Suriye devlet haber ajansı SANA, yetkililerden alıntı yaparak, saldırıların Lazkiye’deki protestolar sırasında eski Cumhurbaşkanı Beşar Esad’ın “feshedilmiş rejiminin kalıntıları” tarafından gerçekleştirildiğini bildirdi.
SANA, “hem güvenlik personeline hem de sivillere yönelik bıçaklamalar, taş darbeleri ve ateşli silahlarla” 60 kişinin yaralandığını söyledi.
Protestocuların hükümet yanlısı göstericilerle karşı karşıya gelmesi üzerine çatışmaların çıktığı ve maskeli silahlı kişilerin güvenlik personeline ateş açtığı bildirildi.
İçişleri Bakanlığı yaptığı açıklamada ölenler arasında bir polis memurunun da bulunduğunu söyledi. El Cezire ekibi, Lazkiye’deki Azhari kavşağında Suriye güvenlik güçlerine ateş açıldığını doğrularken, Tartus’ta da kimliği belirsiz saldırganların Baniyas’taki El Anaza karakoluna el bombası atmasının ardından iki güvenlik personelinin de yaralandığını doğruladı.
Alevi protestoları
Binlerce Alevi Suriyelinin, şiddet ve ayrımcılığı protesto etmek için Pazar günü Suriye’nin orta ve kıyı kesimlerinde dini azınlığın merkezi boyunca sokaklara çıkmasıyla şiddet daha da alevlendi.
Protestoların çağrısı, ülke dışında yaşayan Alevi ruhani lideri Ghazal Ghazal tarafından yapıldı ve bu çağrı, Alevi toplumunun aşağılanamayacağını veya marjinalleştirilemeyeceğini dünyaya gösterme çağrısında bulundu. ölümcül bombalama Cuma günü Humus’ta bir cami.
Sekiz kişinin ölümüne yol açan ve Saraya Ensar El Sünni olarak bilinen Sünni bir grubun üstlendiği bombalama, devrik eski Cumhurbaşkanı Esad’ın da mensubu olduğu ve onun yönetimi döneminde büyük önem taşıyan dini azınlığa yönelik son şiddet eylemiydi.

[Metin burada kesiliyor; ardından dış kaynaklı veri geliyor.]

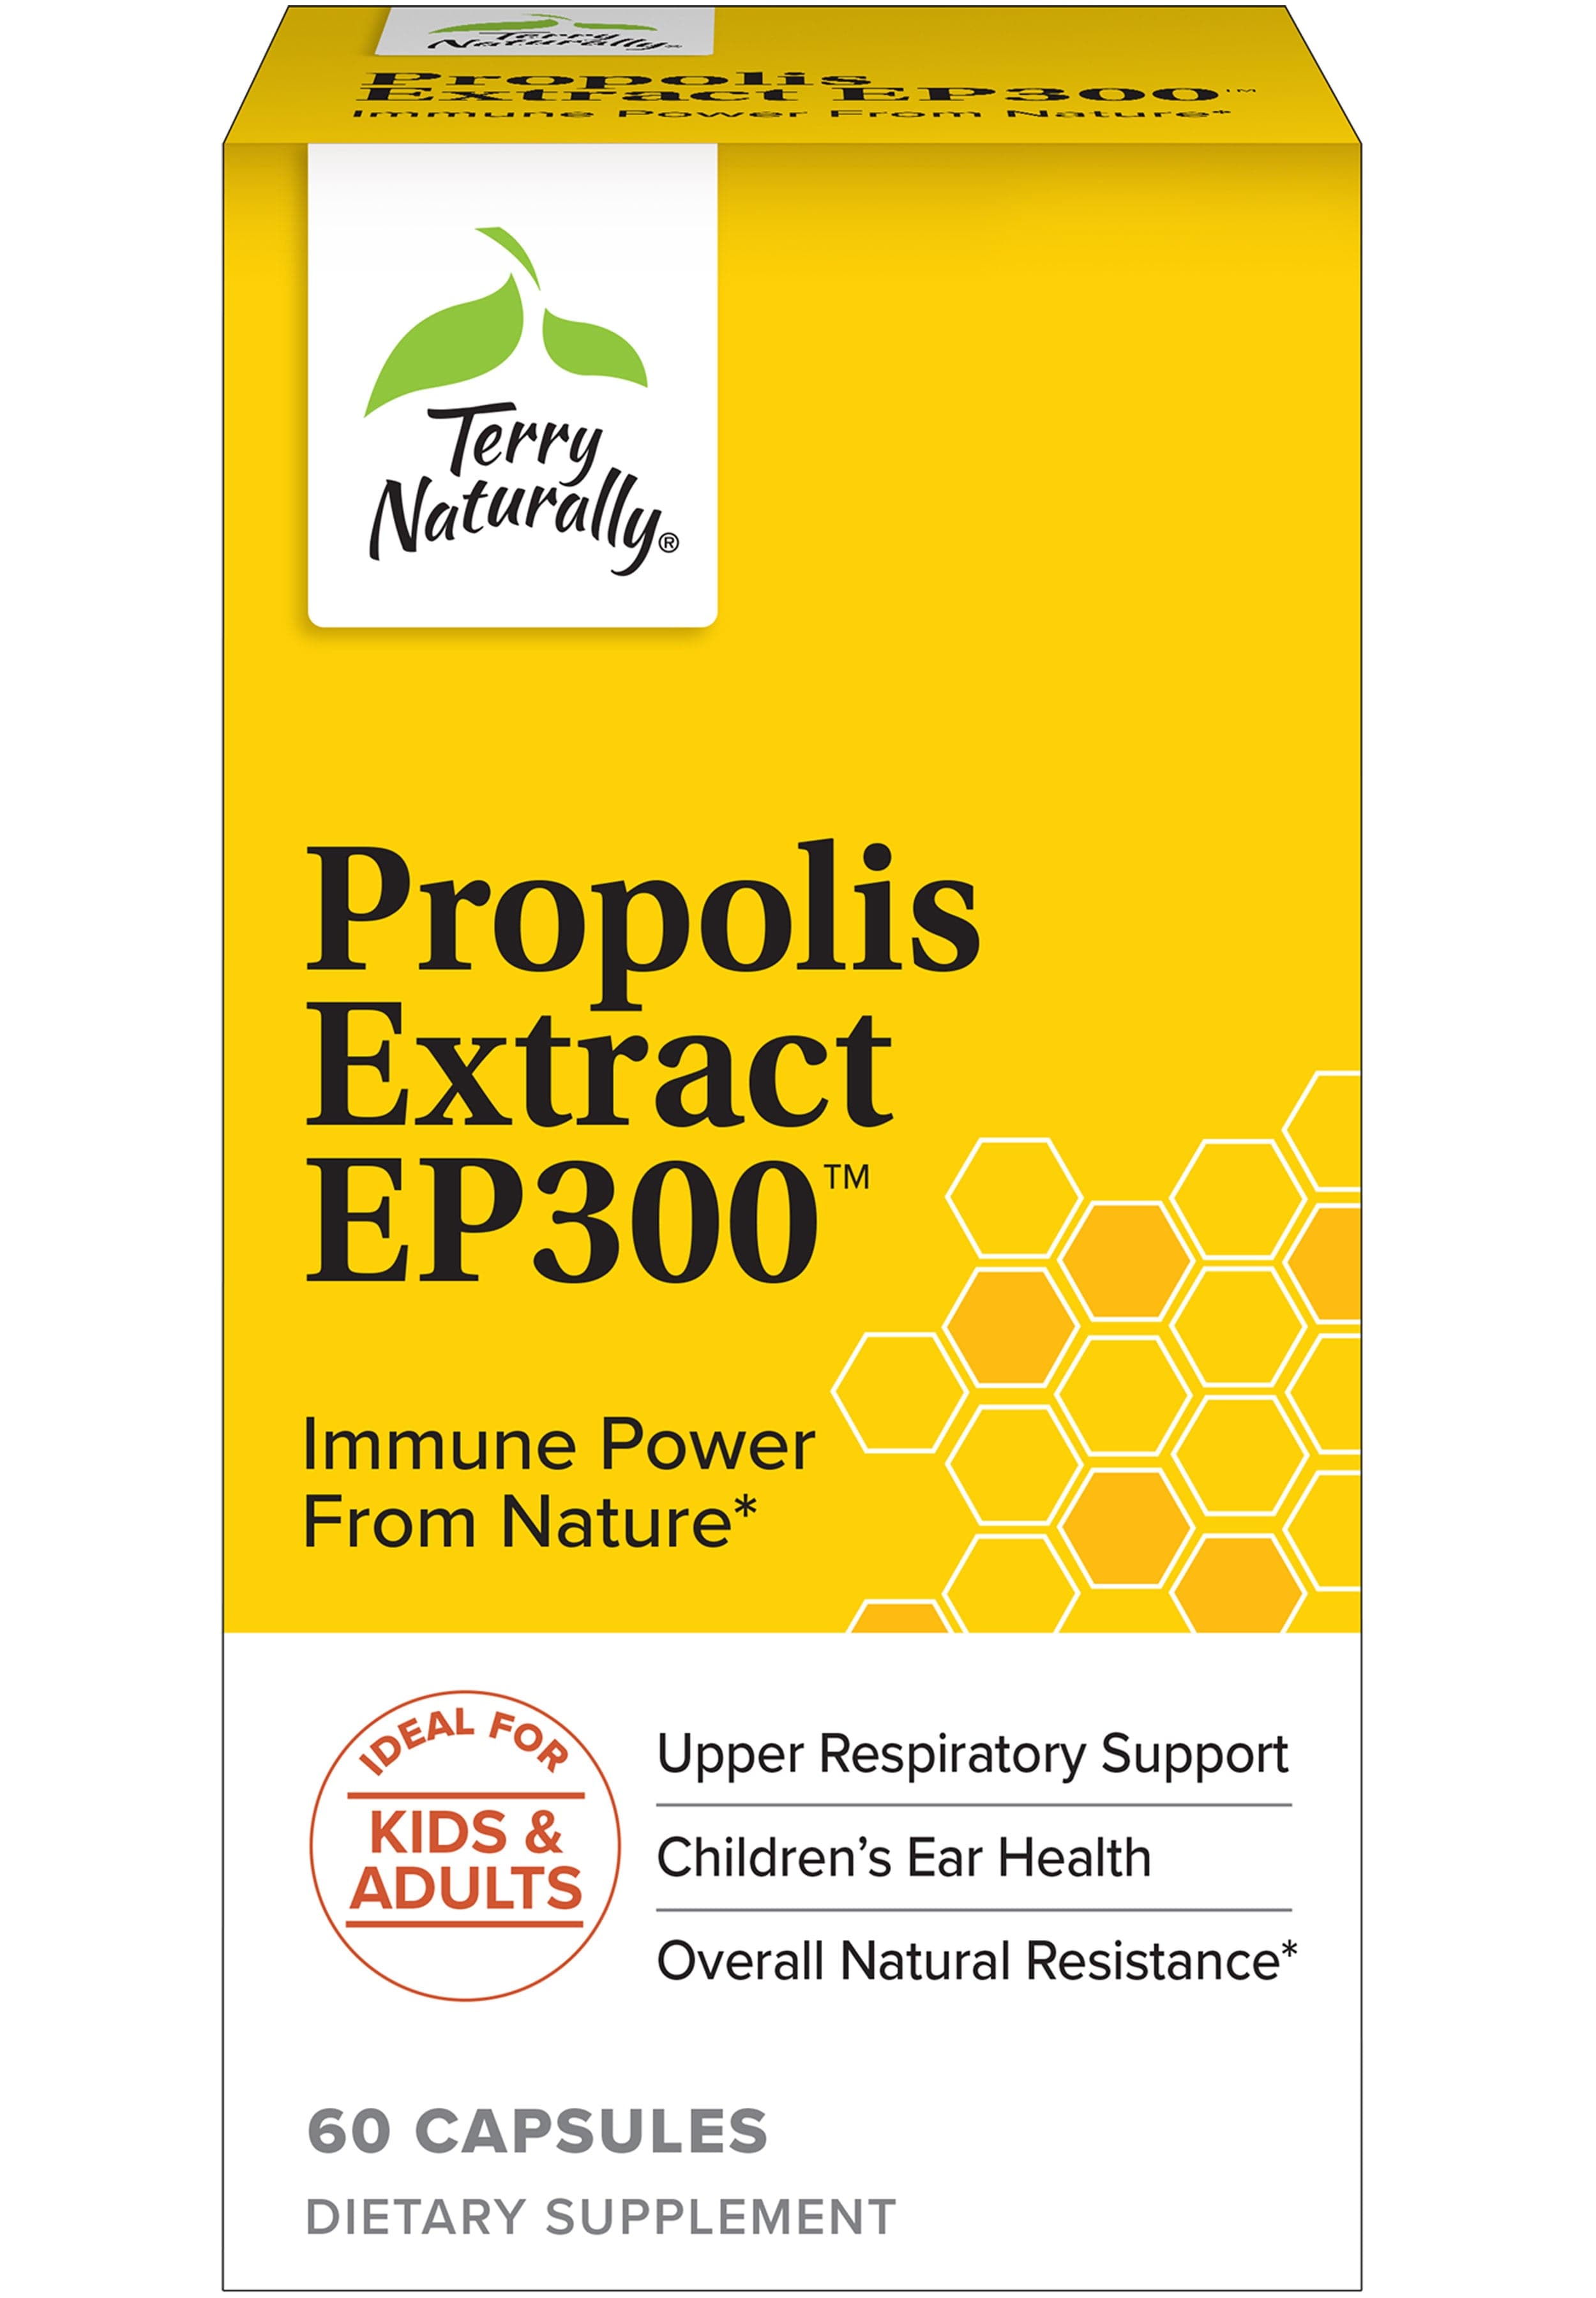 Terry Naturally Propolis Extract EP300

Protestocular ayrıca hükümetin, azınlıklara daha fazla özerklik verilmesi amacıyla gücün Şam’dan dağıtılmasını öngören bir sistem olan federalizmi uygulamasını ve Alevi mahkumların serbest bırakılmasını talep etti.
Suriye ve yurtdışındaki İslami Alevi Konseyi başkanı Ghazal, Facebook’taki video mesajında ”İç savaş istemiyoruz, siyasi federalizm istiyoruz. Terörünüzü istemiyoruz. Kendi kaderimizi belirlemek istiyoruz” dedi.
‘Federalizm istiyoruz’
Pazar günü hükümet karşıtı protestoculardan biri olan Ali Hassan, göstericilerin Alevi toplumuna karşı devam eden şiddete son vermek istediğini söyledi.
“Biz sadece huzur içinde uyumak, huzur içinde çalışmak istiyoruz ve federalizm istiyoruz” dedi. “Bu durum böyle devam ederse federalizm istiyoruz. Neden her gün, günaşırı 10 kişi öldürülüyor?”
Karşı protestoculardan biri olan Muhammed Bakkour, hükümete desteğini göstermek için geldiğini söyledi.
Hükümet karşıtı protestocuları “ulusu yeniden inşa etmeye yönelik yeni yolu sabote etmeye” çalışmakla suçlayarak, “Kurtuluşun ilk gününden itibaren barış ve suçlulara af tanınması çağrısında bulunan yeni hükümetimizi desteklemek için buradayız” dedi.
“Bütün halk tek halk ve tek vatan çağrısında bulunuyor, ancak tek halk veya tek vatan istemiyorlar; kişisel çıkarları için mezhepçilik, kaos, sorunlar ve federalizm istiyorlar.”